CLI Reference

Complete reference for all igllama commands. GGUF stands for “Georgi Gerganov Unified Format”, the standard model format for llama.cpp-compatible inference engines.

Command Overview

Command	Description
`help`	Show usage information
`version`	Show version information
`pull`	Download model from HuggingFace Hub
`list`	List all cached models
`run`	Run single-turn inference
`chat`	Interactive multi-turn chat session
`import`	Import local GGUF file to cache
`api`	Start OpenAI-compatible API server
`show`	Display GGUF file metadata
`rm`	Remove a cached model
`serve`	Manage llama-server lifecycle

help

Display usage information and available commands.

igllama help
igllama --help
igllama -h

version

Display the current igllama version.

igllama version
igllama --version
igllama -v

pull

Download models from HuggingFace Hub with progress bar and resume support.

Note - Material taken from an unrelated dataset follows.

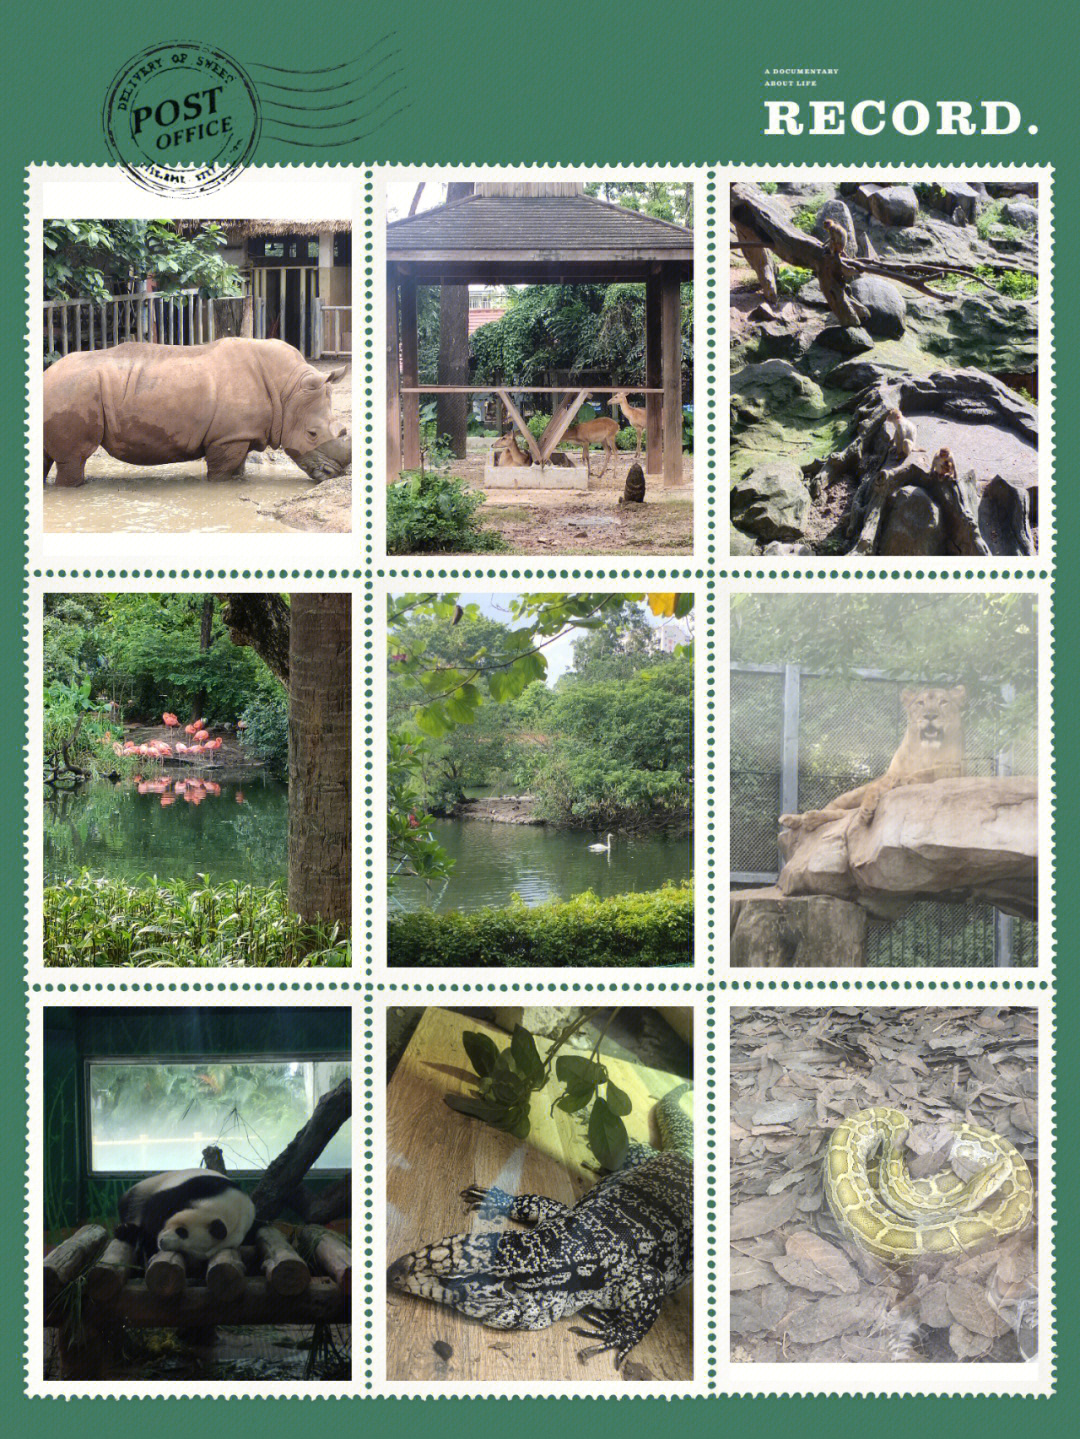 广州动物园动物名单图片
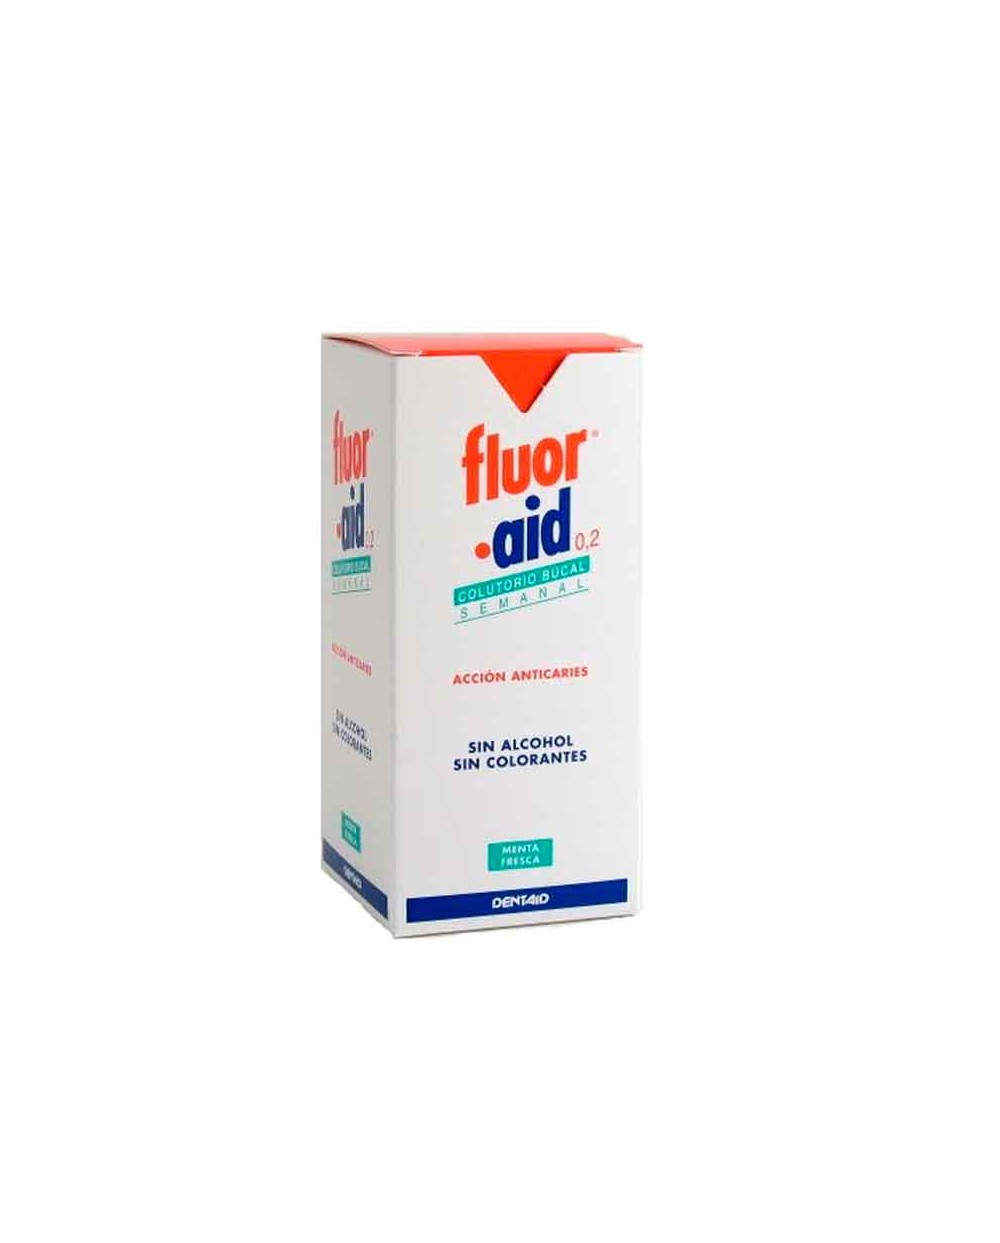 Fluor Aid 0,2 Dentaid colutorio semanal anticaries – 150 ml.

# List available GGUF files
igllama pull bartowski/Llama-3-8B-Instruct-GGUF

# Download specific file
igllama pull bartowski/Llama-3-8B-Instruct-GGUF --file Llama-3-8B-Instruct-Q4_K_M.gguf

# Force re-download
igllama pull bartowski/Llama-3-8B-Instruct-GGUF --file model.gguf --force

Flag	Description
`-f, --file`	Download specific file from repository
`-F, --force`	Force re-download even if file exists
`-q, --quiet`	Suppress progress output

list (cached models)

List all downloaded models in the cache.

igllama list
igllama ls

run (inference)

Run single-turn inference on a model.

igllama run model.gguf --prompt "Hello, world!"
igllama run model.gguf -p "Explain quantum computing" --gpu-layers 35
igllama run model.gguf -p "List 3 items" --grammar-file json

Flag	Description
`-p, --prompt`	Prompt text (required)
`-n, --max-tokens`	Max tokens to generate (default: 512)
`-ngl, --gpu-layers`	GPU layers to offload (default: 0)
`-g, --grammar`	GBNF grammar string for constrained output
`-gf, --grammar-file`	Path to GBNF grammar file

chat

Interactive multi-turn chat with conversation history and session management.

igllama chat model.gguf
igllama chat model.gguf --system "You are a helpful coding assistant"
igllama chat model.gguf --template llama3
igllama chat model.gguf --prompt "Explain recursion" --json
igllama chat model.gguf --resume session_name
igllama chat model.gguf --temp 0.8 --top-p 0.9 --top-k 40

Flag	Description
`-s, --system`	Set system prompt
`-t, --template`	Chat template: auto, chatml, llama3, mistral, gemma, phi3, qwen
`-n, --max-tokens`	Max tokens per response (default: 2048)
`-c, --context-size`	Context size (default: model training size)
`-p, --prompt`	Single-turn mode (non-interactive)
`--json`	Output response as JSON
`-q, --quiet`	Suppress model loading logs
`-ngl, --gpu-layers`	GPU layers to offload (default: 0)
`--temp`	Temperature (default: 0.7, 0=greedy)
`--top-p`	Top-p nucleus sampling (default: 0.9)
`--top-k`	Top-k sampling (default: 40)
`--repeat-penalty`	Repetition penalty (default: 1.1)
`--seed`	Random seed (default: 0=random)
`--grammar`	GBNF grammar string
`--grammar-file`	Path to GBNF grammar file
`--no-save`	Disable auto-save sessions
`--resume`	Resume session from file

Chat Subcommands

In-chat commands available during interactive sessions:

Command	Description
`/help`	Show available commands
`/quit`, `/exit`	Exit the chat session
`/clear`	Clear conversation history and KV cache
`/save <name>`	Save session to file
`/load <name>`	Load a saved session
`/sessions`	List all saved sessions
`/system <text>`	Set or update system prompt
`/tokens`	Show token usage statistics
`/stats`	Show generation statistics
`/template <name>`	Switch chat template

import (cache models)

Import local GGUF files into the model cache.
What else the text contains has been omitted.